:: Task objective ::
Look below for the line that has "Segelboote fahren im". Set down the lines from there through the line that has "原创实拍广西东兴边境,街上的男人戴绿帽,商场卖越南货!", exactly as written.

:: Available data ::
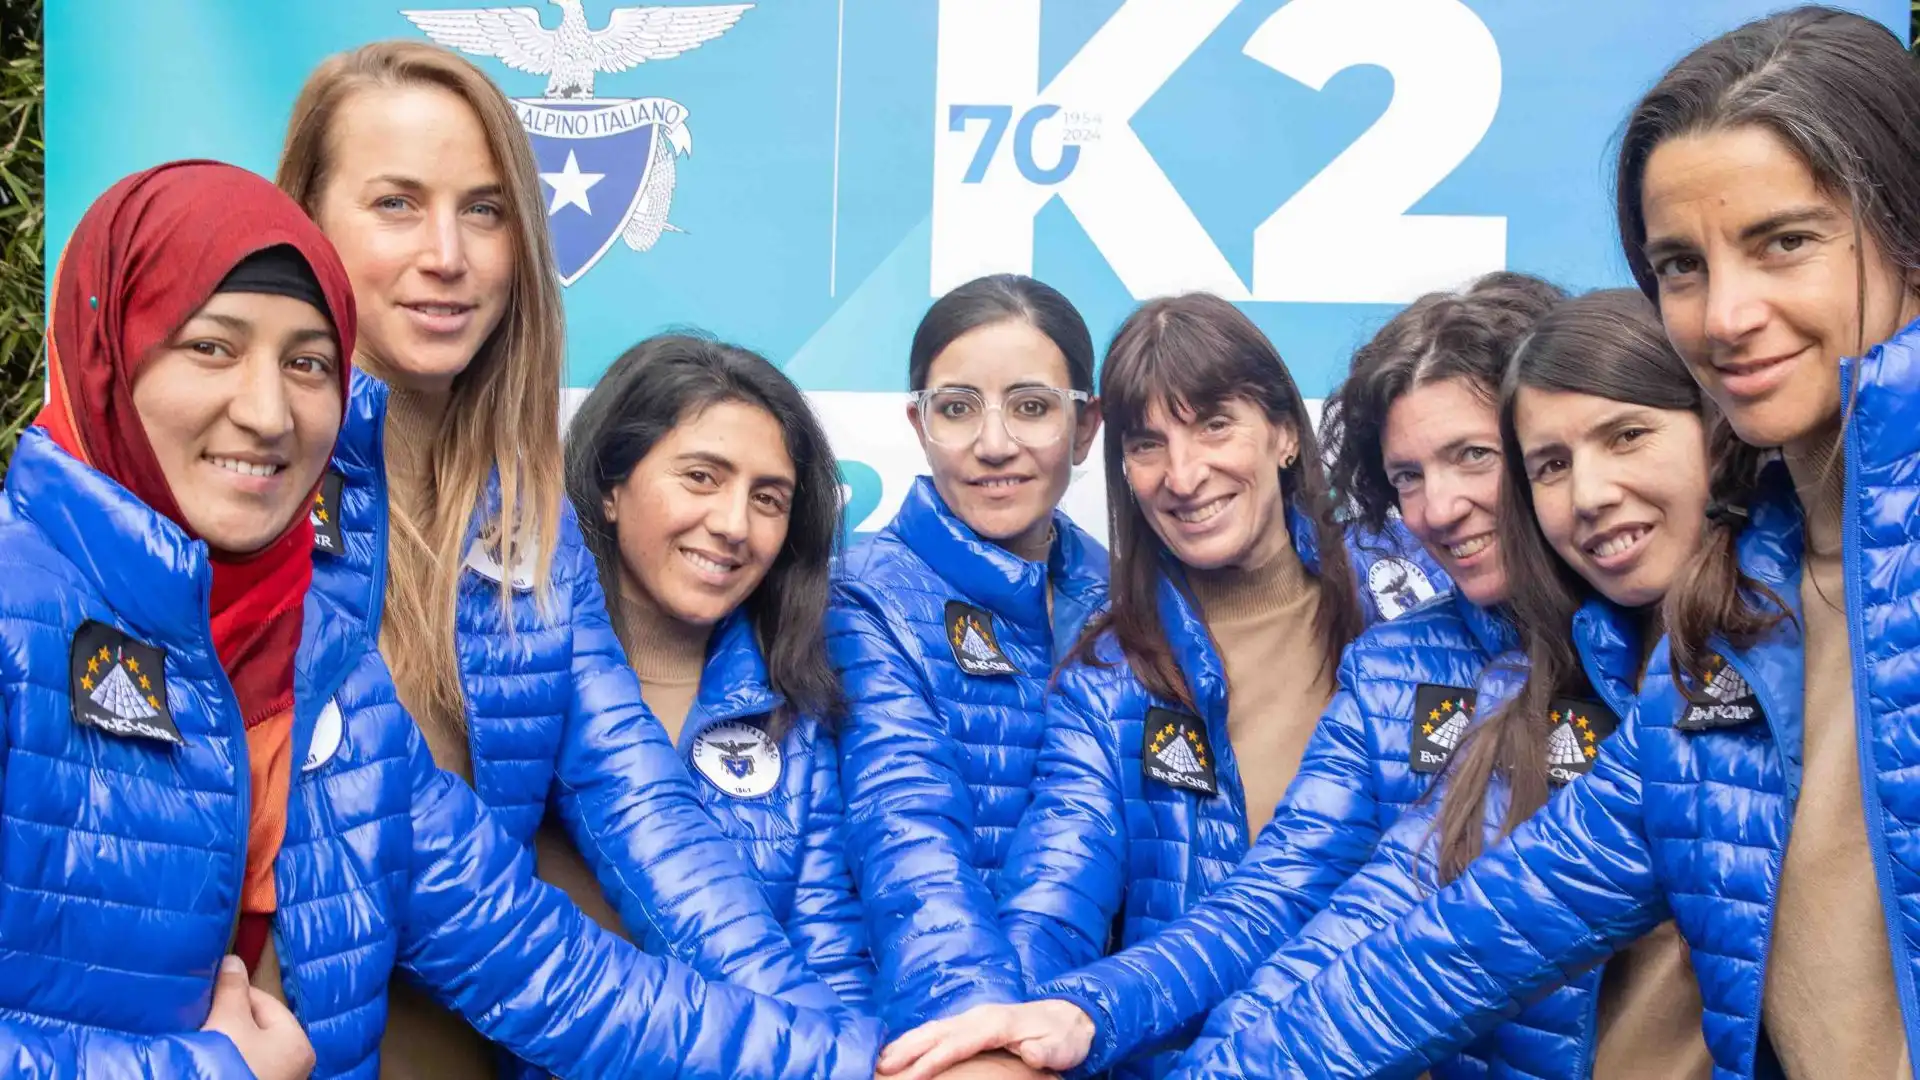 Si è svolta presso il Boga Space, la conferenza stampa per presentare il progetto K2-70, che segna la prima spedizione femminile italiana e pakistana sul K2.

...

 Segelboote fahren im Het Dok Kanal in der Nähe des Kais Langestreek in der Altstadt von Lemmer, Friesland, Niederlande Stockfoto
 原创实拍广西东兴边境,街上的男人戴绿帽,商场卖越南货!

:: Answer box ::
 Segelboote fahren im Het Dok Kanal in der Nähe des Kais Langestreek in der Altstadt von Lemmer, Friesland, Niederlande Stockfoto
 原创实拍广西东兴边境,街上的男人戴绿帽,商场卖越南货!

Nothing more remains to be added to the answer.